A computational study on the combustion of hydrogen/methane blended fuels for a micro gas turbines

To understand the combustion performance of using hydrogen/methane blended fuels for a micro gas turbine that was originally designed as a natural gas fueled engine, the combustion characteristics of a can combustor has been modeled and the effects of hydrogen addition were investigated. The simulations were performed with three-dimensional compressible k-ε turbulent flow model and presumed probability density function for chemical reaction. The combustion and emission characteristics with a variable volumetric fraction of hydrogen from 0% to 90% were studied.
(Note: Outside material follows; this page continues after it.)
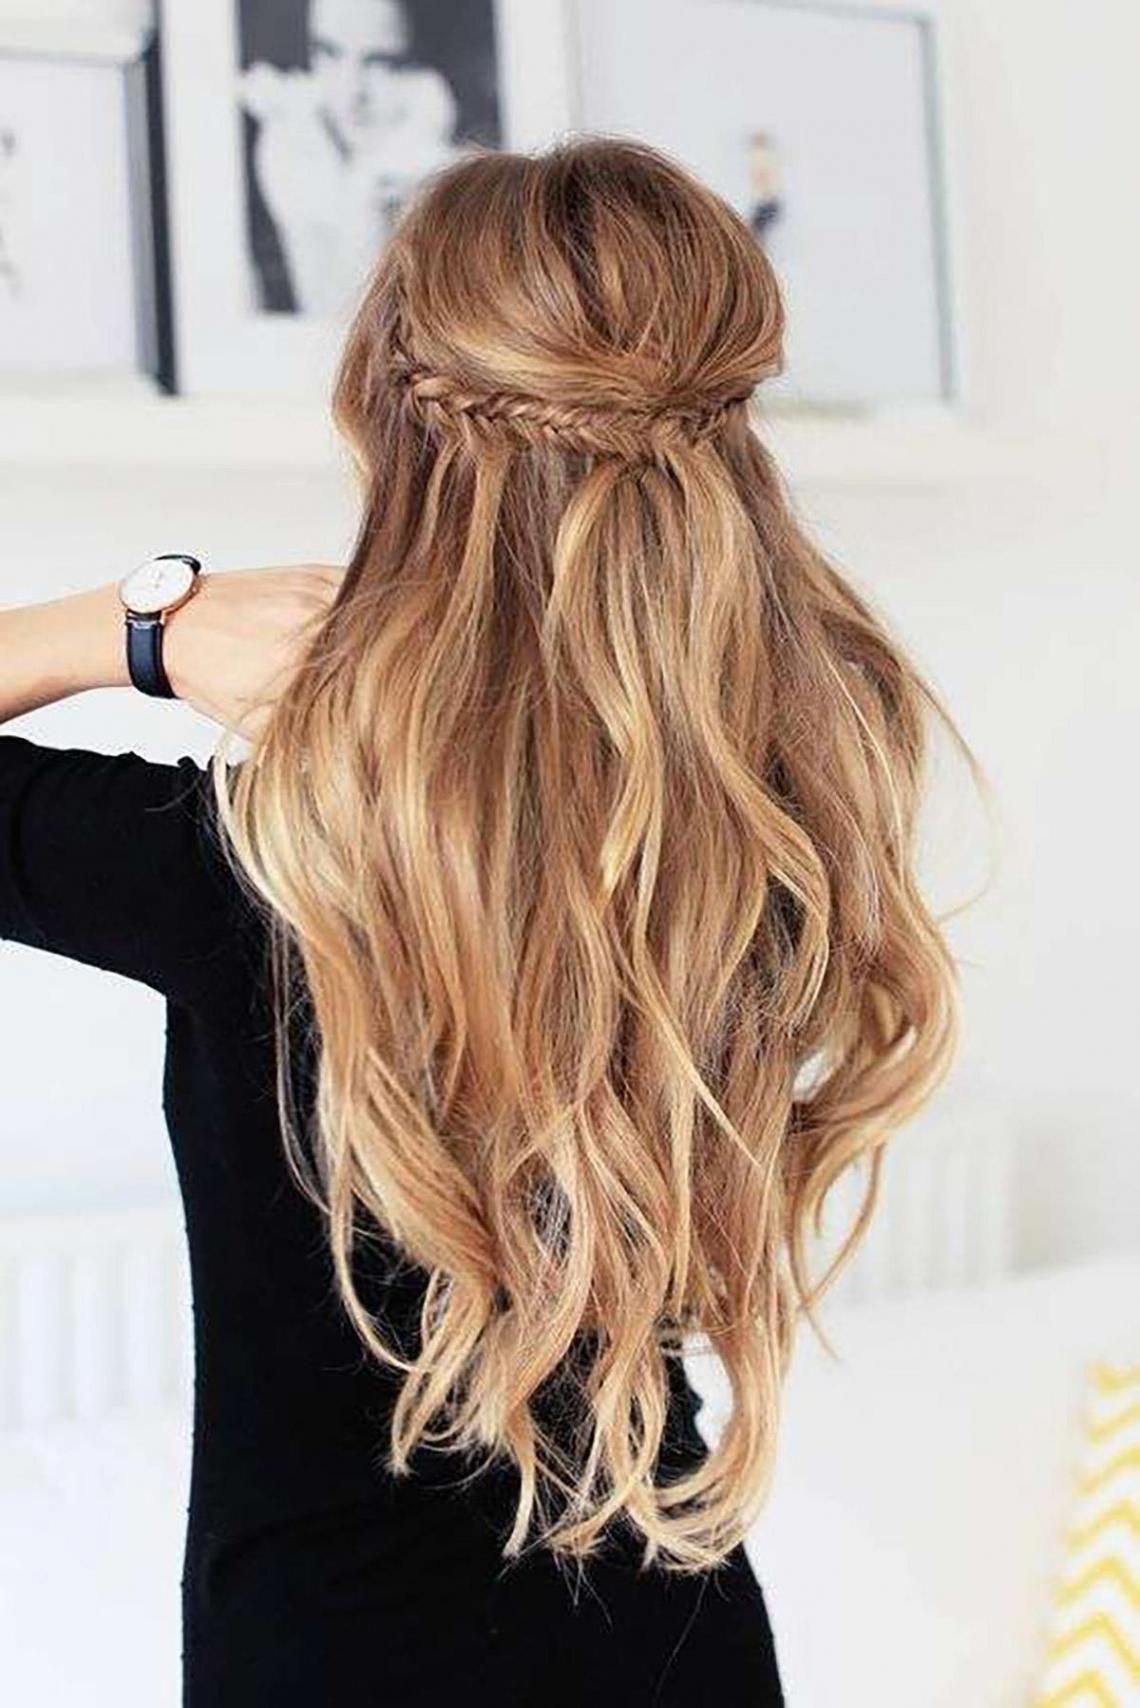 Peinado con tirabuzones sencillo
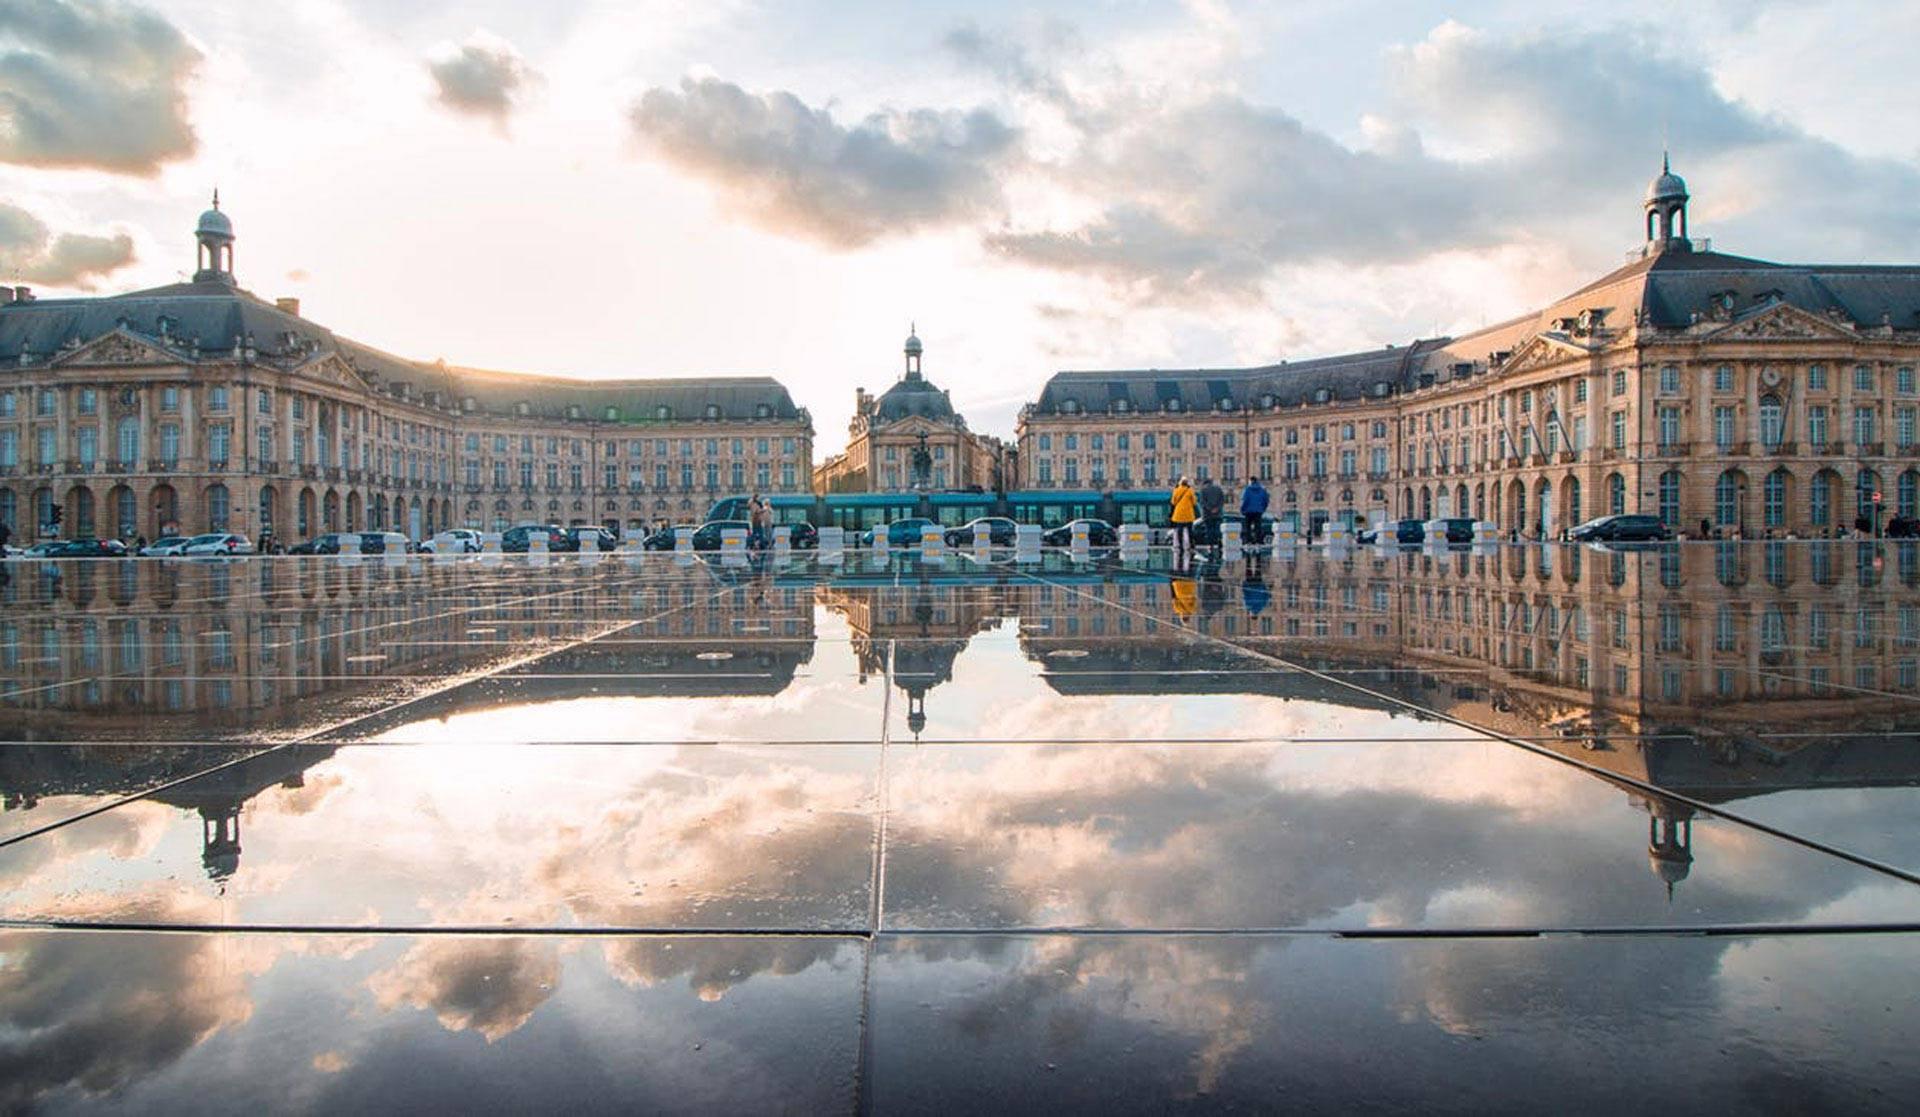 Acaht et vente immobilier à Bordeaux - Alpierre Immobilier

As hydrogen is substituted for methane at a fixed fuel injection velocity, the flame temperatures become higher, but lower fuel flow rate and heat input at higher hydrogen substitution percentages cause a power shortage. To apply the blended fuels at a constant fuel flow rate, the flame temperatures are increased with increasing hydrogen percentages. This will benefit the performance of gas turbine, but the cooling and the NOx emissions are the primary concerns. While fixing a certain heat input to the engine with blended fuels, wider but shorter flames at higher hydrogen percentages are found, but the substantial increase of CO emission indicates a decrease in combustion efficiency. Further modifications including fuel injection and cooling strategies are needed for the micro gas turbine engine with hydrogen/methane blended fuel as an alternative.